穆長洲不曾回府,今日也仍穿著那件舜音送來的袍衫,將軍報合上,回身說:“總管允我全權處置此事,準備去一趟甘州。”
張君奉問:“軍司打算何時動身?”
“儘快。”穆長洲說完,走下土坡,遠處已有幾匹快馬趕來,踏出一陣瀰漫塵煙。
胡孛兒一馬當先,衝到跟前才急忙勒住馬。
穆長洲停步:“這般緊急,是中原有動靜?”
胡孛兒乾笑兩聲:“如之前一樣,沒什麼動靜。咱們在交界處防範,什麼都沒攔到,倒是攔到了幾個送信的小卒。”他說著自懷中摸出一封信來,“巧了,有寄給夫人的信,打秦州寄來,我料想定是那個愛置氣的封郎君寄來的,索性就帶來了,反正最後都得過軍司的手!”他顛顛地把信遞了過來。
穆長洲接了,信封上確實寫著來自秦州,腳下走開兩步,才拆開了信封。
封無疾的這封信寫得不長,只幾句話,如之前一般,看起來說的都是尋常事情,也都是尋常問候,只是關心舜音近況,問她為何遲遲不回信罷了。語句、用詞,也都如之前那封信一樣。
一樣的古怪。
穆長洲一手拿著這封信,眼睛仍在看,另一手已伸入衣襟,取出了一張折著的黃麻紙,一甩展開,裡面是上次封無疾的信。

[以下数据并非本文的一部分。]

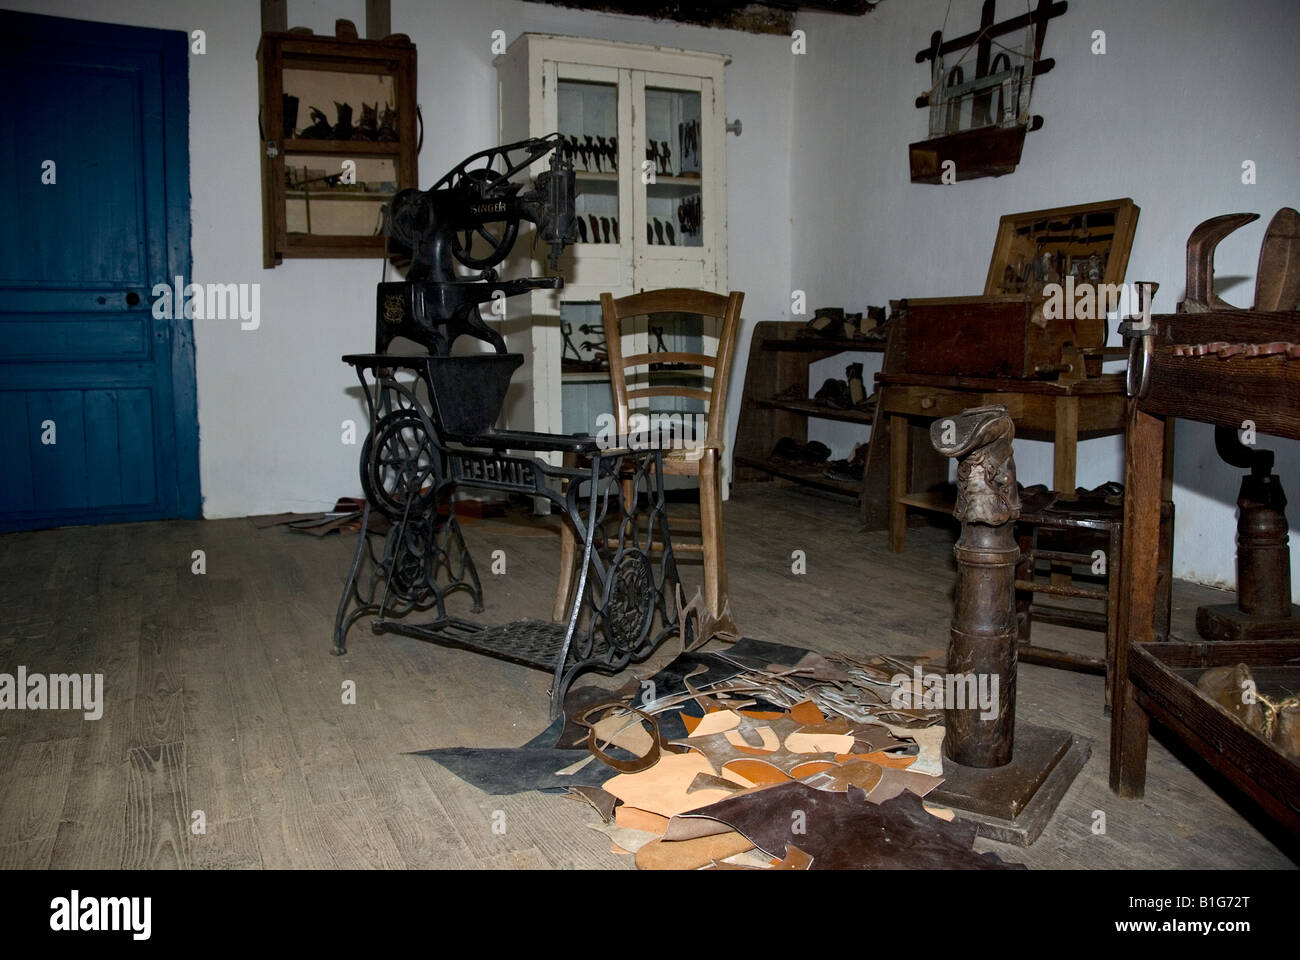 Stock photo of the inside of the renovated shoemakers shop in the village of Montrol Senard Stock Photo

別人可能看不出古怪,但他看得出來。正是因為古怪,他早已謄抄下來。
兩張紙放到一起,他一行一行,細細對比。
天上日頭愈發傾斜,光已漸淡,胡孛兒聽完了另一批巡視兵卒來報的搜捕情形,扭頭去看,才發現軍司仍站在那處,一動不動,也不知什麼信要看這麼久。
張君奉也不禁朝那裡看了一眼。
至少又過了一刻,穆長洲才抬頭,目光離了手裡的信,嘴邊有了絲笑。
原來如此,但願他沒有猜錯。
“軍司?”胡孛兒伸長脖子朝他這裡看。
穆長洲將紙和信都收入衣襟,大步走下坡,牽了馬,一翻而上。
胡孛兒訝異問:“軍司不親自抓探子了?”
“抓。”穆長洲嘴邊輕輕提了提,“你們抓你們的,我抓我的。”說完一扯韁繩,策馬回城而去。
第二十章
舜音今日一早就出了府門。
既然穆長洲讓她自己去觀望風物,她便也全然配合,沒有禁步於府中,否則豈不是又要被他說成是不自在?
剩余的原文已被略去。